Member of the National Assembly for Val-d'Oise's 3rd constituency
- In office 21 June 2017 – 9 June 2024
- Preceded by: Jean-Noël Carpentier
- Succeeded by: Emmanuel Maurel

Personal details
- Born: 21 April 1974 (age 51) Paris, France
- Party: En Commun Renaissance Movement of Progressives (2017-2019)
- Profession: Teacher

= Cécile Rilhac =

French politician

Cécile Rilhac (born 21 April 1974) is a French politician of Renaissance (RE) who has been serving as a member of the French National Assembly between 2017 and 2024, representing the department of Val-d'Oise.

==Political career==
In Parliament, Rilhac serves on the Committee on Cultural Affairs and Education. In addition to her committee assignments, she is part of the French-Algerian Parliamentary Friendship Group.

In 2020, Rilhac joined En Commun (EC), a group within LREM led by Barbara Pompili. In 2023, she left the Renaissance group, together with Pompili, Mireille Clapot and Stella Dupont.

==Political positions==
===Domestic policy===
In June 2019, Rilhac was one of four members of the LREM parliamentary group who joined a cross-party initiative to legalization, the distribution and use of cannabis.
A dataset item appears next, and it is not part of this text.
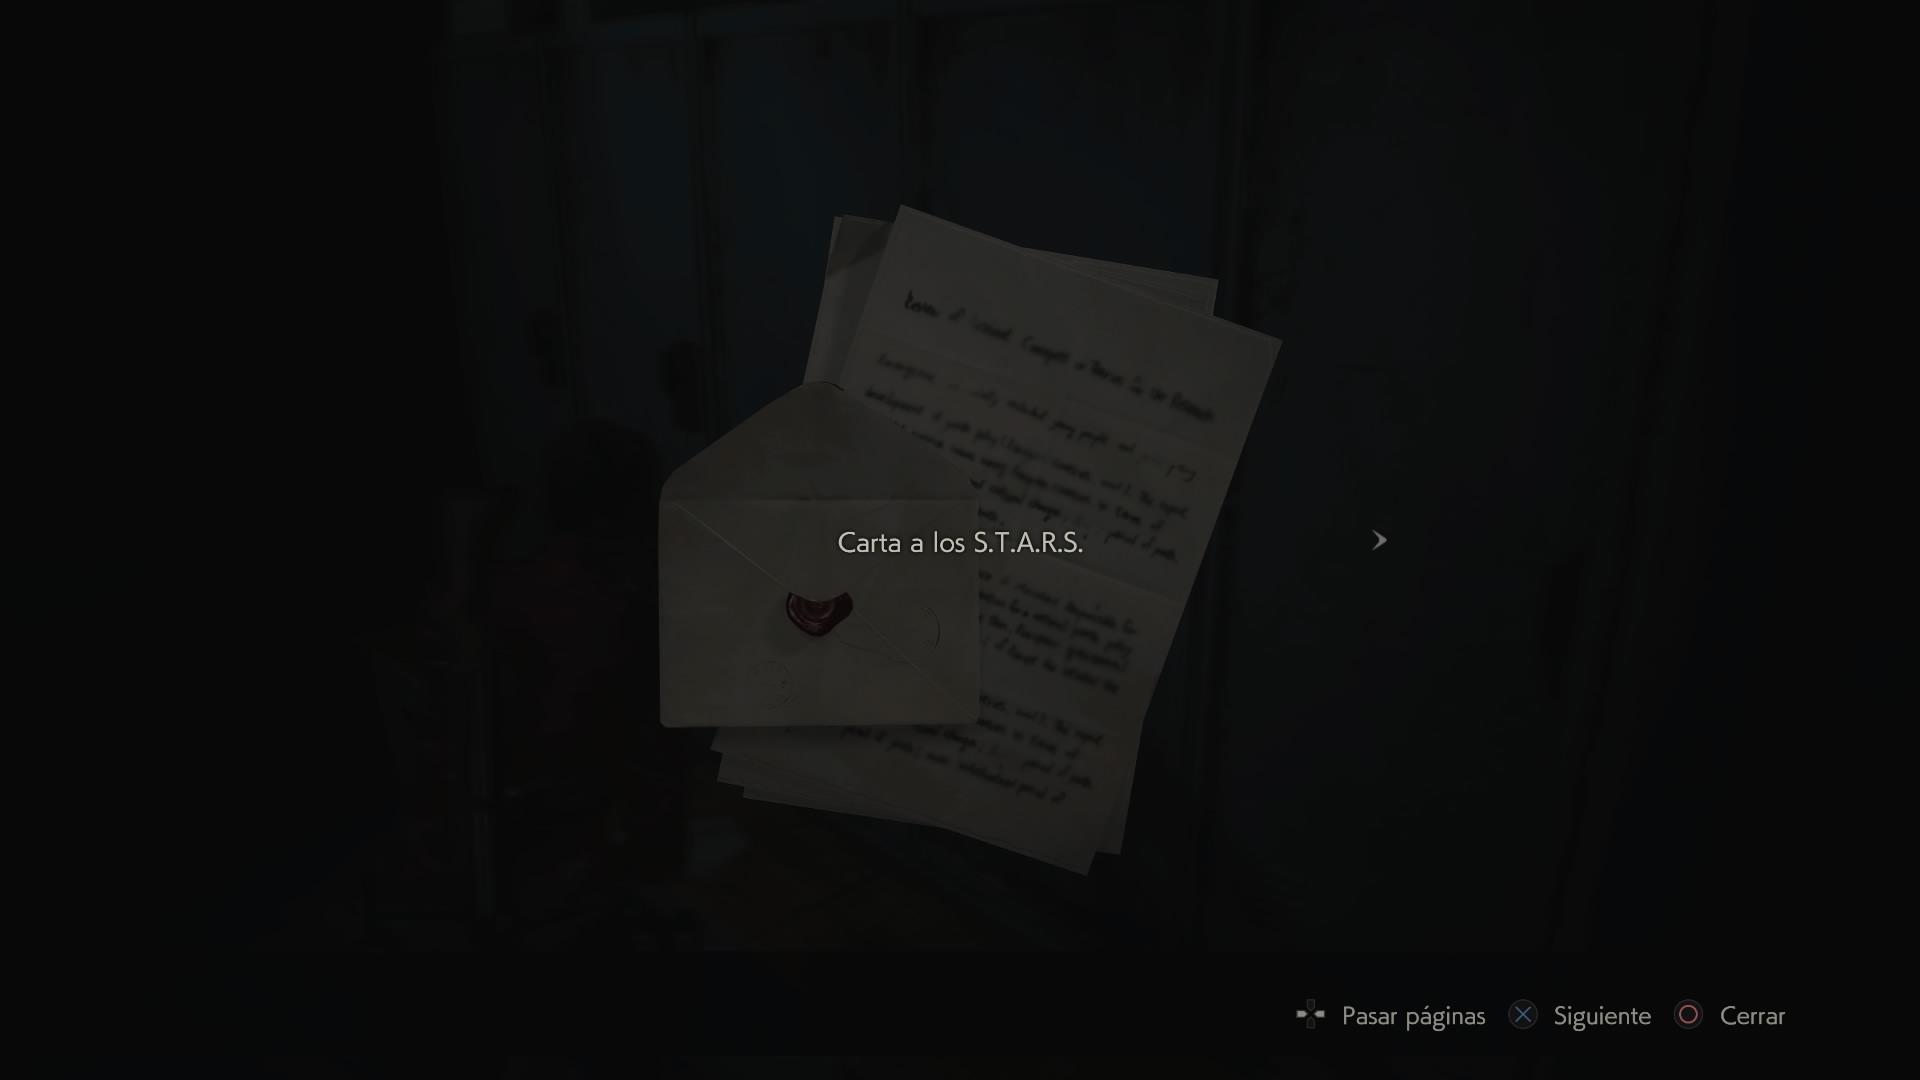 Carta a los S.T.A.R.S.

Along with four other LREM members – Coralie Dubost, Jean-Michel Mis, Stéphane Trompille, and Éric Bothorel –, she disassociated herself from their colleague Aurore Bergé when the latter announced her intention in October 2019 to vote for a Republican draft law banning the wearing of the hijab by women accompanying groups of students on school outings.

In 2020, Rilhac was one of ten LREM members who voted against her parliamentary group's majority and opposed a much discussed security bill drafted by her colleagues Alice Thourot and Jean-Michel Fauvergue that helps, among other measures, curtail the filming of police forces.

===Foreign policy===
In 2018, Rilhac joined other co-signatories around Sébastien Nadot in officially filing a request for a commission of inquiry into the legality of French weapons sales to the Saudi-led coalition fighting in Yemen, days before an official visit of Saudi Crown Prince Mohammed bin Salman to Paris.

In July 2019, Rilhac voted in favor of the French ratification of the European Union’s Comprehensive Economic and Trade Agreement (CETA) with Canada.